他很久以前就習慣了隱藏情緒,喜怒不形於色。
但在開車前往彎彎出租屋的那段路上,他的嘴角卻一直不受控制地微微上揚,帶著一種近乎幼稚的期待和雀躍。
他覺得,只要找到她,把所有的誤會、所有的苦衷都解釋清楚,她一定會理解,他們一定能重新開始,他會把她曾經受的委屈都加倍補償回來。
可他萬萬沒有想到,命運對他如此殘忍。
他找到那個破舊的出租屋,敲開門,面對的卻是一個陌生的租客。
幾經周折後,他才從她原公司同事那裡得到一個如同晴天霹靂的訊息:彎彎在幾天前,參加公司組織的團建活動時,失足掉下了懸崖……
他趕到醫院時,只能隔著重症監護室看著孱弱的她。
醫生告訴他病人可能撐不下去了。
那一刻,傅謹深只覺得整個世界都在他眼前崩塌、旋轉。
他如遭雷擊,僵在原地,大腦一片空白,甚至荒謬地覺得這一定是幻覺,是有人和他開的惡劣玩笑,他的彎彎一定長命百歲,根本不會經歷這些苦難波折。
之後的一個月,他全世界搜尋專家給彎彎治療,彎彎的身體明明有所好轉,卻又迅速衰竭……
最終,他沒有留住她,親手送走了她……
之後,他如同行屍走肉,公司事務完全無心打理。
一貫信奉唯物主義的他,開始瘋狂地求神拜佛,拜訪所有傳說中靈驗的“大仙”,只求能再見彎彎一面,哪怕是在夢裡。
然而,希望一次次落空,他連她的一個衣角都沒能夢見。
就在他快要被絕望徹底吞噬的時候,一個偶然的機會,他得知有一個近乎偏執的科研團隊,多年來一直致力於研究穿越時空的理論,並且有內部訊息稱,他們在啟用某種特殊能量石、開啟微型可控“黑洞”方面取得了匪夷所思的進展。

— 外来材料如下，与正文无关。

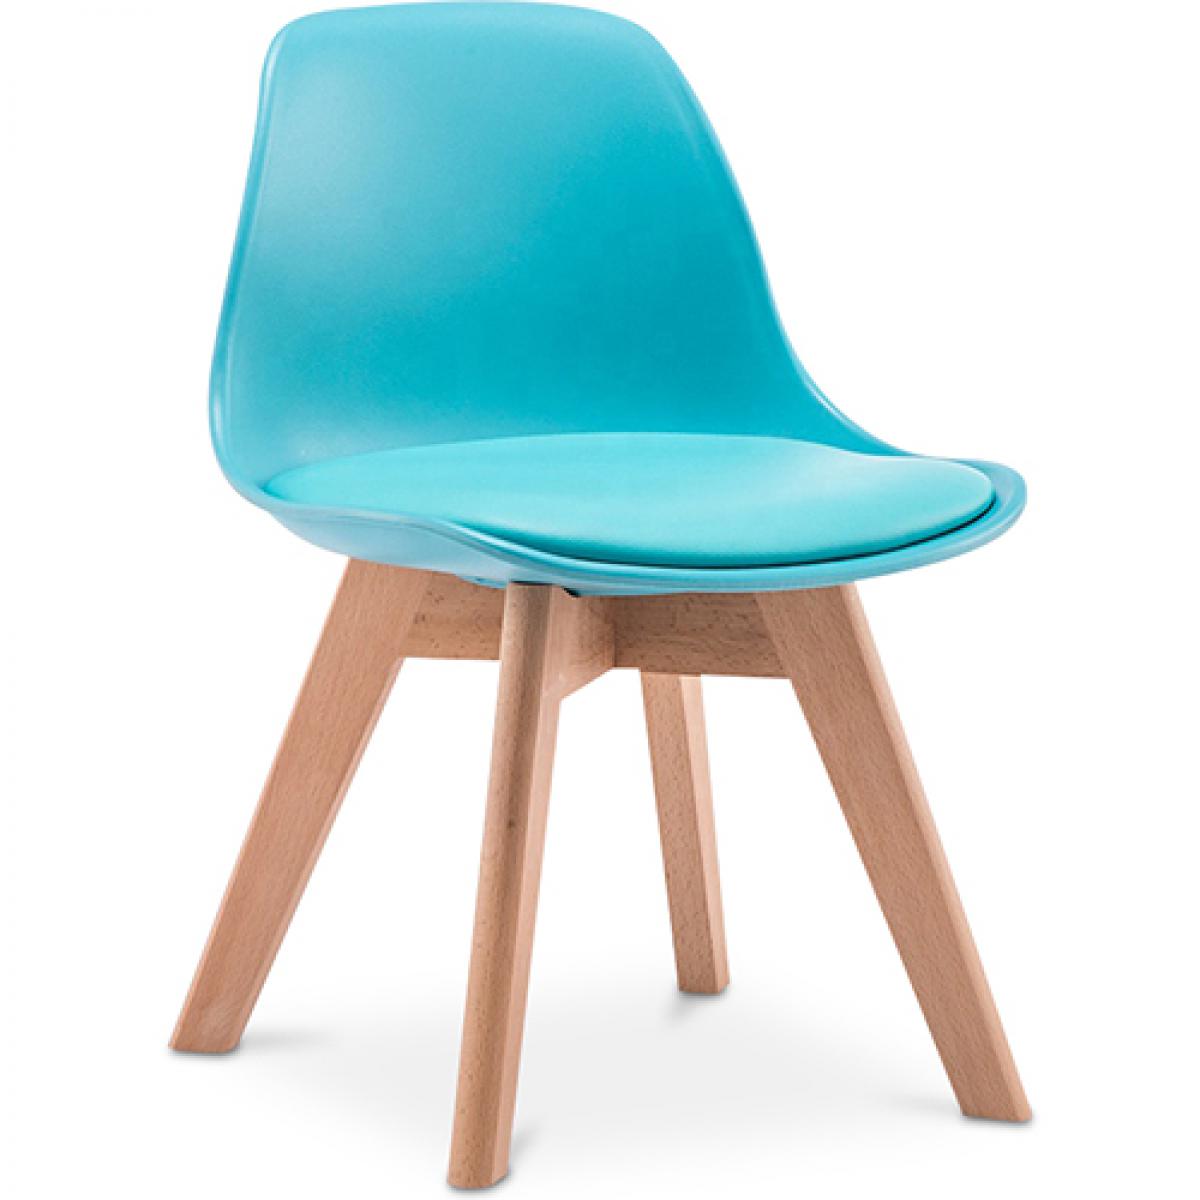 Privatefloor - Chaise d'enfant en bois et polypropylene rembourrée - Chaises
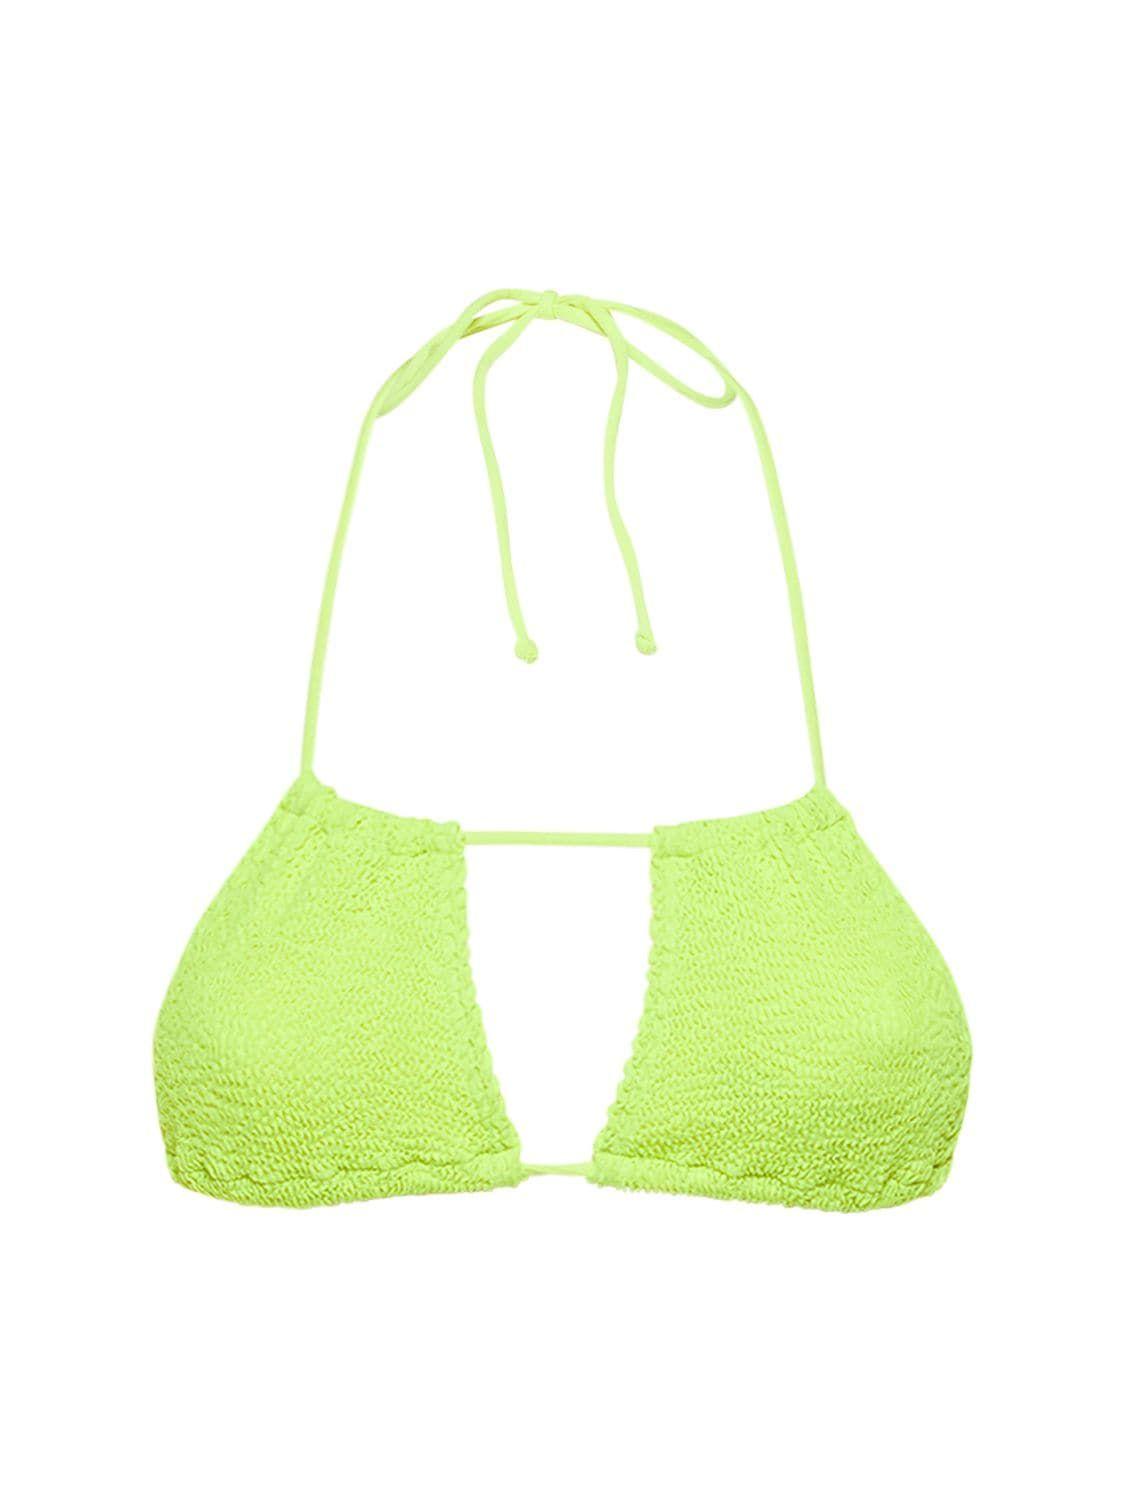 Bondeye Andy Triangle Bikini Top in Green | Lyst

彷彿抓住了最後一根救命稻草,傅謹深毫不猶豫地投入了鉅額資金,直接注資五十億,以不計成本的方式推動這個專案。
金錢的力量是巨大的,研究進度被瘋狂加快,最終,他們成功利用那塊奇異的黑色能量石,短暫地開啟了一個不穩定的通道,並讓他找到了在那個蠻荒而充滿生機的獸世,活得精彩紛呈、被眾多強大獸夫環繞守護的白彎彎。
那一刻,他淚流滿面,分不清是喜悅還是更深的痛苦。
從此,他就像飲鴆止渴的癮君子,一次次地耗費著能量石積蓄的力量,穿越過去,只為了能遠遠地看她一眼。
看著她笑,看著她與幼崽嬉戲,看著她被其他雄性捧在手心……
每一次目睹,都是對他靈魂的凌遲,但他卻無法停止。
可現在,連這最後的慰藉也即將消失。
能量石快要耗盡了!
在最後再見她一次和永遠無法再見她之間,他毫不遲疑地做出了選擇。
在離開之前,他還做了最後一件事:他動用自己名下大部分流動財產,建立了一個規模龐大的慈善基金會。
基金會章程的第一條明確規定:往後每一年,國內所有的福利院,以及偏遠山區的貧困兒童,都能領取到一份以“白彎彎”名義發放的助學和生活補助。
他看著基金會計劃書,目光恍惚。
如果可以,他甚至瘋狂地想要穿越到更早的時間,回到彎彎小時候。
他想親手呵護她長大,為她遮風擋雨,不讓她吃一丁點兒的苦,不讓任何人有機會傷害她,包括……那個曾經讓她承受委屈和誤解的自己。
然而,他知道這終究只是一個無法實現的奢望。
他能做的,只有用這殘存的、渺茫的機會,再去見她最後一面。無論代價是甚麼。
七天時間,在繁忙與決絕的交替中轉瞬即逝。
傅謹深以驚人的效率處理完了所有他能想到的、需要安排的事務。
簽署最後一份檔案,將一枚象徵著最高許可權的隨身碟交給首席職業經理人,他甚至冷靜地立下了遺囑,將所有可能產生的糾紛都扼殺在搖籃裡。
當他做完這一切,站在空曠的辦公室落地窗前時,內心竟是一片近乎死寂的平靜。
就在這時,他等待已久的電話終於響了。
是那個科研團隊的負責人。
“傅總,”對方的聲音帶著一絲複雜,似乎還想做最後的努力,“這邊……已經全部準備妥當了。但是……能量讀數比我們預想的還要不穩定,風險係數已經超過了安全閾值的三倍。您……要不要再考慮一下?我們可以繼續尋找……”
“不用了。”傅謹深打斷他,聲音沒有任何起伏,卻帶著一種斬釘截鐵的意味,“我已經做好決定。不需要再等。”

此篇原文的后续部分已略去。